Two cells of emf ${E_1}$​ and ${E_2}$​ are joined in opposition (such that ${E_1} > {E_2}$ ​). If ${r_1}$​ and ${r_2}$​ be the internal resistance and $R$ be the external resistance, then the terminal potential difference is:
A) $\dfrac{{{E_1} + {E_2}}}{{{r_1} + {r_2}}} \times R$
B) $\dfrac{{{E_1} + {E_2}}}{{{r_1} + {r_2} + R}} \times R$
C) $\dfrac{{{E_1} - {E_2}}}{{{r_1} + {r_2}}} \times R$
D) $\dfrac{{{E_1} - {E_2}}}{{{r_1} + {r_2} + R}} \times R$

Answer 1

We solve this problem by finding the equivalent emf and equivalent resistance of the circuit.

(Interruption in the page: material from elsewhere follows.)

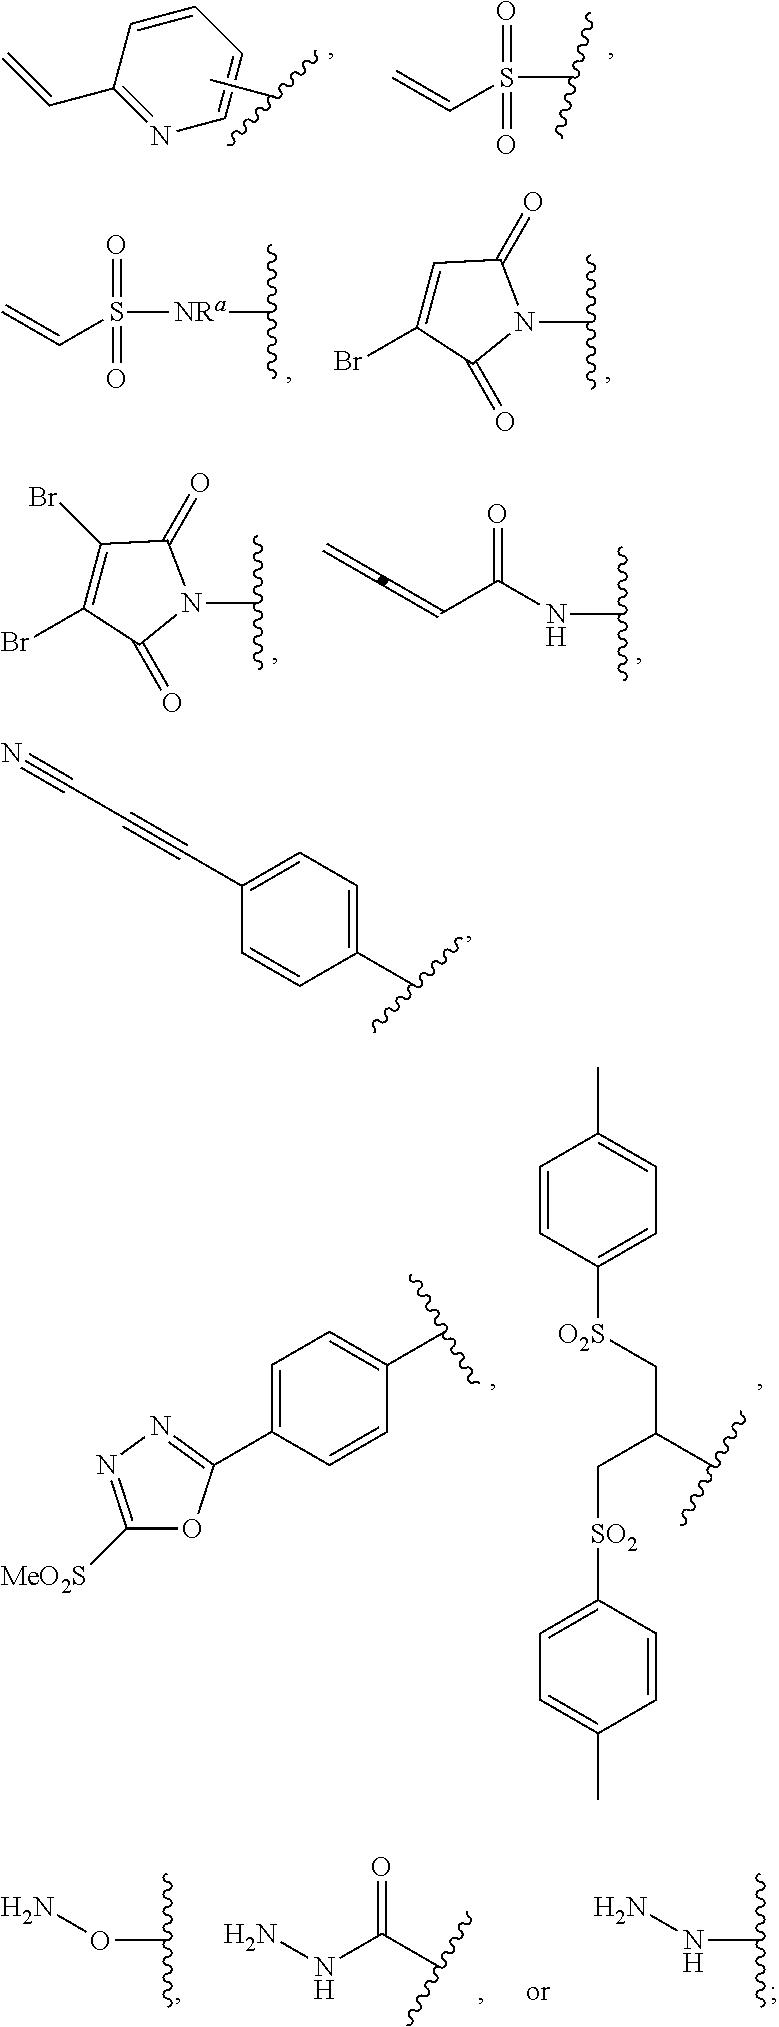 Figure US20180296694A1-20181018-C00041

Then use ohm's law to find current flowing in the circuit. Using ohm's law again with the external resistance we find the terminal potential difference.

Formula used:
Ohms law $V = iR$
Emf or voltage is represented by $V$
Current is represented by $i$
Resistance is represented by $R$

Complete step by step solution:
The terminals of the two cells are in opposition hence the equivalent emf is the difference of both the emfs.
${E_{eq}} = {E_1} - {E_2}$
${E_1} > {E_2}$Hence ${E_2}$is subtracted from${E_1}$. Emf cannot be negative.
Here the emf of cell 1 and cell 2 are represented by${E_1}$, ${E_2}$ respectively.
Equivalent emf is represented by ${E_{eq}}$
All the internal and external resistances in the circuit are connected in series so the equivalent resistance in series is the sum of all the resistances
${R_{eq}} = {r_1} + {r_2} + R$
Internal resistances are represented by ${r_1}$​ and ${r_2}$
External resistance is represented by $R$
Equivalent resistance is represented by ${R_{eq}}$
Using ohm's law, we find the current flowing in the circuit
${E_{eq}} = i{R_{eq}}$
$i = \dfrac{{{E_{eq}}}}{{{R_{eq}}}} = \dfrac{{{E_1} - {E_2}}}{{{r_1} + {r_2} + R}}$
The terminal potential difference is the difference in potential between the two ends of the terminals of the two cells.

We find this by using ohm's law again but taking only external resistance. Because only external resistance is present between the two terminals when current flows from one terminal end to the other.
$V = iR$
$V = \dfrac{{{E_1} - {E_2}}}{{{r_1} + {r_2} + R}} \times R$
The terminal potential difference is $V = \dfrac{{{E_1} - {E_2}}}{{{r_1} + {r_2} + R}} \times R.$

Hence option (D), $V = \dfrac{{{E_1} - {E_2}}}{{{r_1} + {r_2} + R}} \times R$ is the correct answer.

Note: While finding the current in the circuit we also consider the internal resistances for finding equivalent resistance this is because the current flows through the cells and the circuit. Whereas when we find the potential difference between terminals we take only external resistance as the path between the two terminals of both the cells together has only external resistance.